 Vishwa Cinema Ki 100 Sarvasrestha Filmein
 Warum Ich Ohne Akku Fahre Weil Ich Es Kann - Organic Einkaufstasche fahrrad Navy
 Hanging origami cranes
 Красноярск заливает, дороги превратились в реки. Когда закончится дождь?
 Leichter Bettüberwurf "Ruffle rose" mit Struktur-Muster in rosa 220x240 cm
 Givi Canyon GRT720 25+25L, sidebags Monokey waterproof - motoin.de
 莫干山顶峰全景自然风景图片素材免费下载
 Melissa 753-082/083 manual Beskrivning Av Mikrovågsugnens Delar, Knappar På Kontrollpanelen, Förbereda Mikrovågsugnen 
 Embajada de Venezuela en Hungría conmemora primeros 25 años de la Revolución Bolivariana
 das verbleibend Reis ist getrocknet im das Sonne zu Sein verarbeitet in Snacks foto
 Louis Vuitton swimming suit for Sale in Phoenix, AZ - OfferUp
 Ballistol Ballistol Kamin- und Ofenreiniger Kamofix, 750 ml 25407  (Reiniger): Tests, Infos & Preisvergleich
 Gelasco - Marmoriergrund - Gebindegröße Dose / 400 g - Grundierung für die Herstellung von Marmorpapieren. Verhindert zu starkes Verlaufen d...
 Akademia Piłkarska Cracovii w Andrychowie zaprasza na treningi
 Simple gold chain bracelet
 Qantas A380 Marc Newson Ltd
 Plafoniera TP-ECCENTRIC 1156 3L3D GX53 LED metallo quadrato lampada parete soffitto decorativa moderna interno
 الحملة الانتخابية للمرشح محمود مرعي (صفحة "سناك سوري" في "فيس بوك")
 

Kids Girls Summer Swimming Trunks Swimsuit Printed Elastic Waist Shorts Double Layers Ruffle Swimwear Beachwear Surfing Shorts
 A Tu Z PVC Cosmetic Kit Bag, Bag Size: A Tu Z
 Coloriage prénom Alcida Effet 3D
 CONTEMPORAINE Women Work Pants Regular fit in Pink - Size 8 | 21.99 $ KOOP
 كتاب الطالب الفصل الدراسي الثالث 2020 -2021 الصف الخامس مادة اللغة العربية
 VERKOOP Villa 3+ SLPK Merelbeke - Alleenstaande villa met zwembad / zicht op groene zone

■ ■ ■ ■ ■ ■ ■

**Task to carry out**
Each line above, from the one that contains "CONTEMPORAINE Women Work" to the last line of the records, should be repeated exactly. Leave out all others.

**Output below**
 CONTEMPORAINE Women Work Pants Regular fit in Pink - Size 8 | 21.99 $ KOOP
 كتاب الطالب الفصل الدراسي الثالث 2020 -2021 الصف الخامس مادة اللغة العربية
 VERKOOP Villa 3+ SLPK Merelbeke - Alleenstaande villa met zwembad / zicht op groene zone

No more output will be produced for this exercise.